Your friend John uses a lot of emoticons when you talk to him on Messenger. In addition to being a person who likes to express himself through emoticons, he hates unbalanced parenthesis so much that it makes him go :(

Sometimes he puts emoticons within parentheses, and you find it hard to tell if a parenthesis really is a parenthesis or part of an emoticon.

A message has balanced parentheses if it consists of one of the following:

  • An empty string ""
  • One or more of the following characters: 'a' to 'z', ' ' (a space) or ':' (a colon)
  • An open parenthesis '(', followed by a message with balanced parentheses, followed by a close parenthesis ')'.
  • A message with balanced parentheses followed by another message with balanced parentheses.
  • A smiley face ":)" or a frowny face ":("
  • Write a program that determines if there is a way to interpret his message while leaving the parentheses balanced.

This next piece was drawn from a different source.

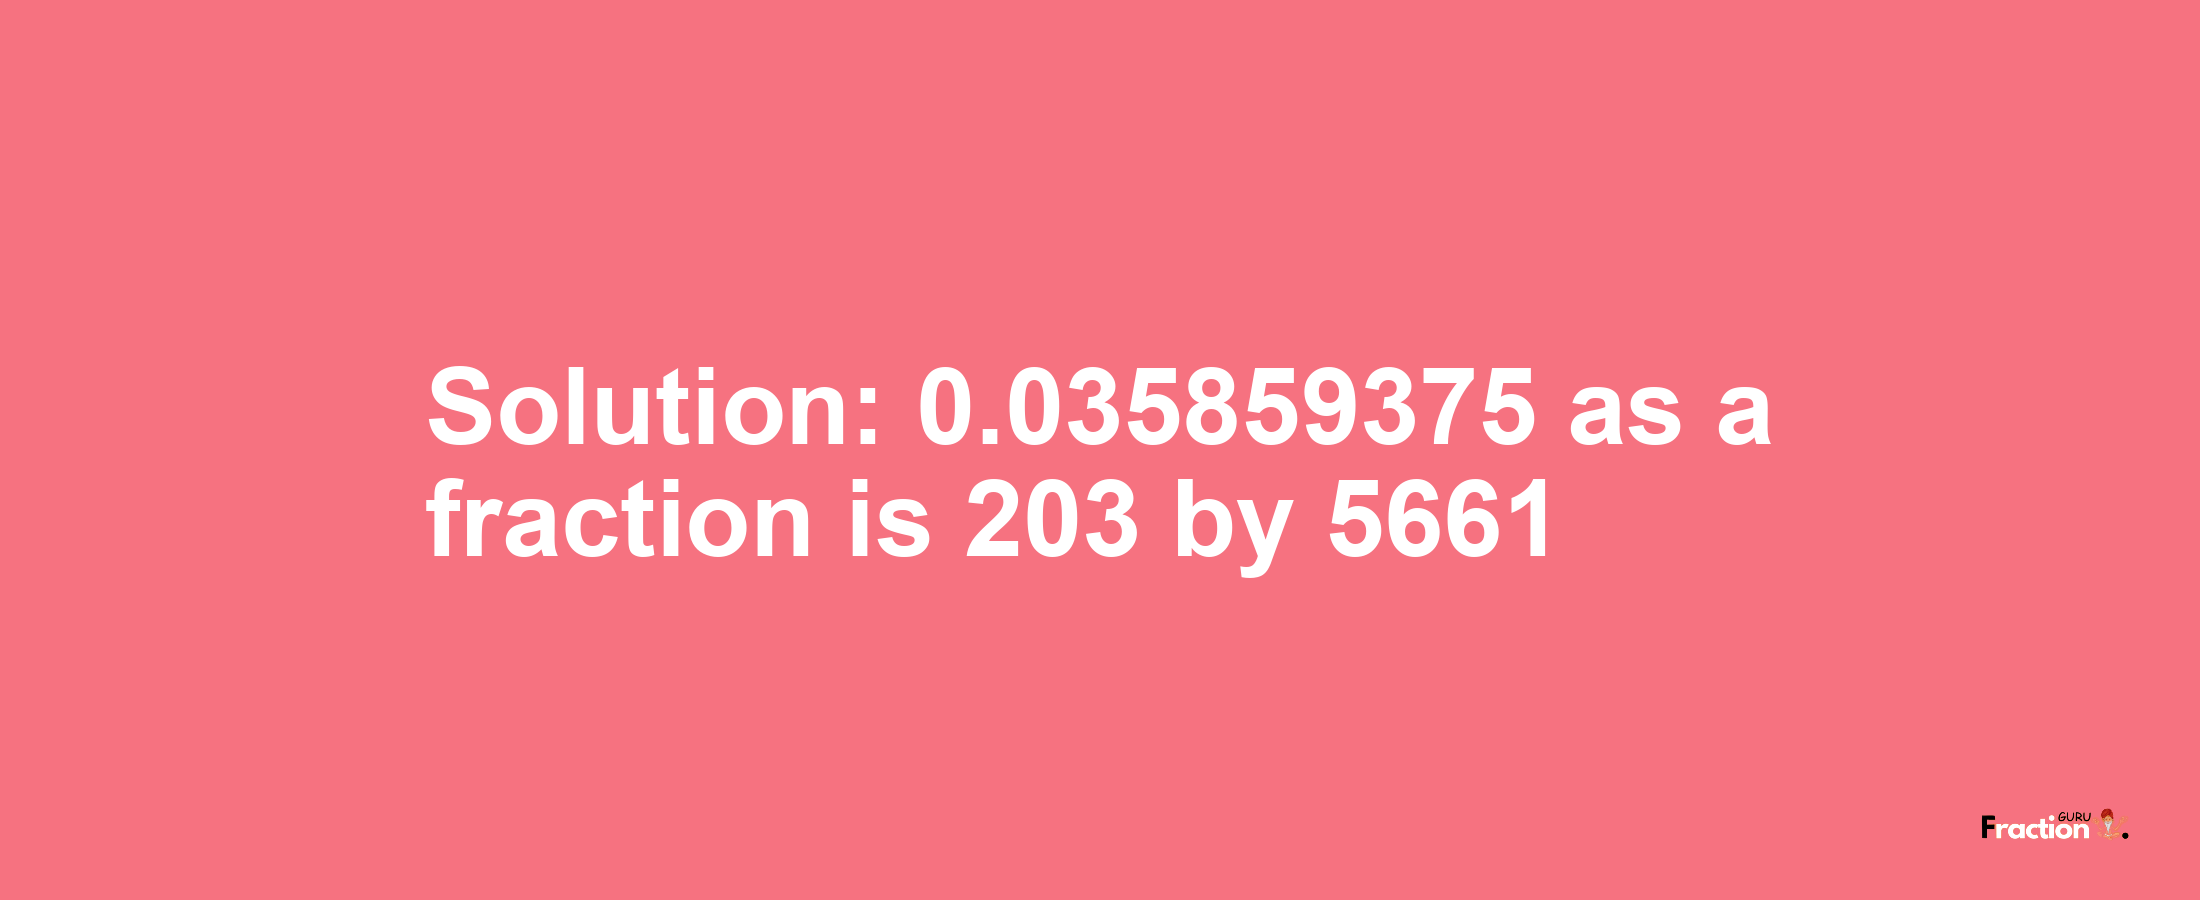 Solution:0.035859375 as a fraction is 203/5661

I'm working on this balanced smileys checking algorithm, and my current solution is very naive, with just two rules:

  1. Do a forward scan, at any point, the number of ) (close) should be less than or equal to the number of ( (open) + number of :( (frown)
  2. Do a backward scan, at any point, the number of ( (open) should be less than or equal to the number of ) (close) and :) (smile)

I'm wondering if there are any bugs in my checking logic. Any advice on algorithm time complexity improvement or code style advice is highly appreciated as well.

def check_balance(source):
    pre = ''
    left = 0
    right = 0
    frown = 0 # :(
    smile = 0 # :)
    # forward scan
    for c in source:
        if c == ')':
            if pre == ':':
                smile += 1
            else:
                right += 1
                if right > left + frown:
                    return False
        elif c == '(':
            if pre == ':':
                frown += 1
            else:
                left += 1
        pre = c
    # reverse scan
    for i in range(len(source)-1, -1, -1):
        if source[i] == ')':
            if i > 0 and source[i-1] == ':':
                smile += 1
            else:
                right += 1
        elif source[i] == '(':
            if i > 0 and source[i-1] == ":":
                frown += 1
            else:
                left += 1
                if right + smile < left:
                    return False
    return True

def verify(test_input, expected_result):
    actual_result = check_balance(test_input)
    assert actual_result == expected_result, "{} expected {} failed".format(test_input, expected_result)
    print(test_input, actual_result)

if __name__ == "__main__":
    verify(':)(', False)
    verify(':()', True)
    verify('abc(b:)cdef(:()', True)
    verify('a)', False)
    verify(')(' , False)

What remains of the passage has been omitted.